Section 15, Article VI of the Constitution cited by petitioner does not pertain to the term
of Congress, but to its regular annual legislative sessions and the mandatory 30-day
recess before the opening of its next regular session (subject to the power of the
President to call a special session at any time).
Section 4 of Article VIII provides that "[t]he term of office of the Senators shall be six
years and shall commence, unless otherwise provided by law, at noon on the thirtieth
day of June next following their election." Similarly, Section 7 provides that"[t]he
Members of the House of Representatives shall be elected for a term of three years.
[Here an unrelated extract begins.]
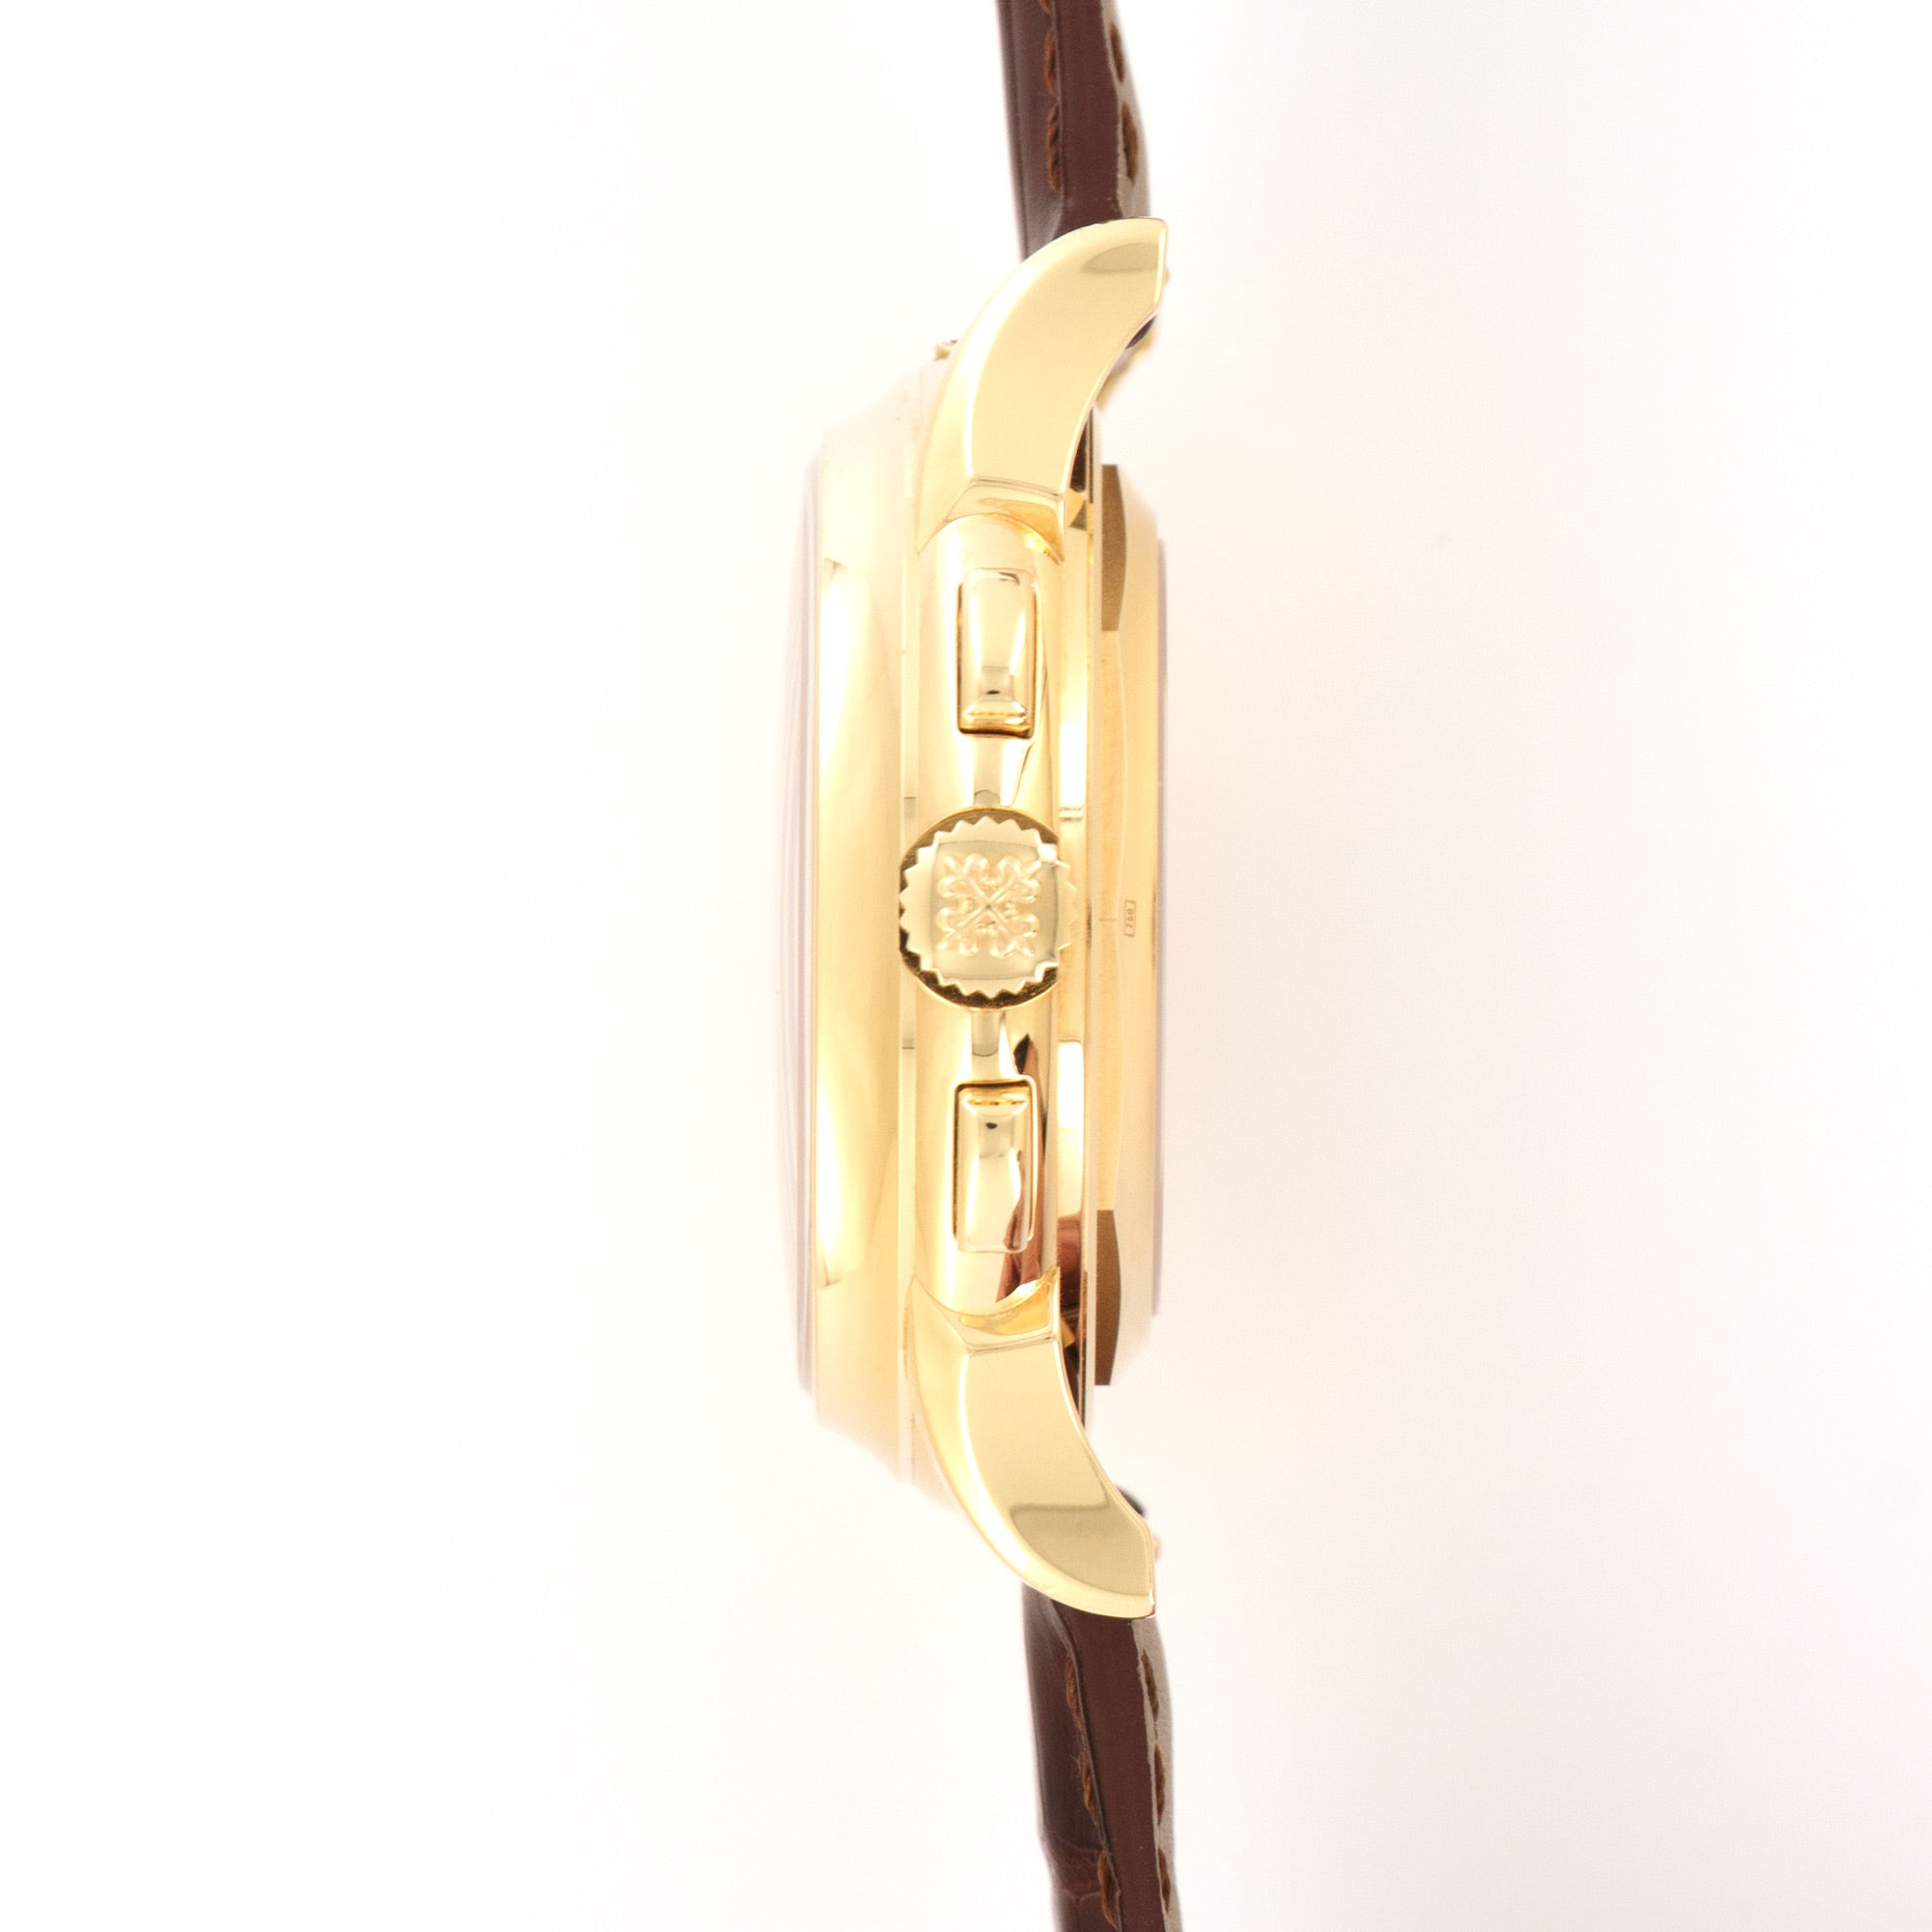 Patek Philippe - Patek Philippe Yellow Gold Perpetual Calendar Chrono Watch Ref. 5970 - The Keystone Watches

Consequently, there being no law tothe contrary, until June 30, 2004, the present

Twelfth Congress to which the present legislators belong cannot be said to have" passed
out of legal existence.
The legislative functions of the Twelfth Congress may have come to a close upon the
final adjournment of its regular sessions on June 11, 2004, but this does not affect its
non-legislative functions. In fact, the joint public session of both Houses of Congress
convened by express directive of Section 4, Article VII to canvass the votes for and
to proclaim the newly elected President and VP has not, and cannot, adjourn sine die
until it has accomplished its constitutionally mandated tasks. For only when a board of
canvassers has completed its functions is it rendered functus officio. Its membership
may change, but it retains its authority as a board until it has accomplished its purposes.
Since the Twelfth Congress has not yet completed its non-legislative duty to canvass the
votes and proclaim the duly elected President and VP, its existence as the National
Board of Canvassers, as well as that of the Joint Committee to which it referred the
preliminary tasks of authenticating and canvassing the certificates of canvass, has not
become functus officio.
VII.

DISPOSITIVE PORTION
WHEREFORE, the instant Petition is hereby DISMISSED.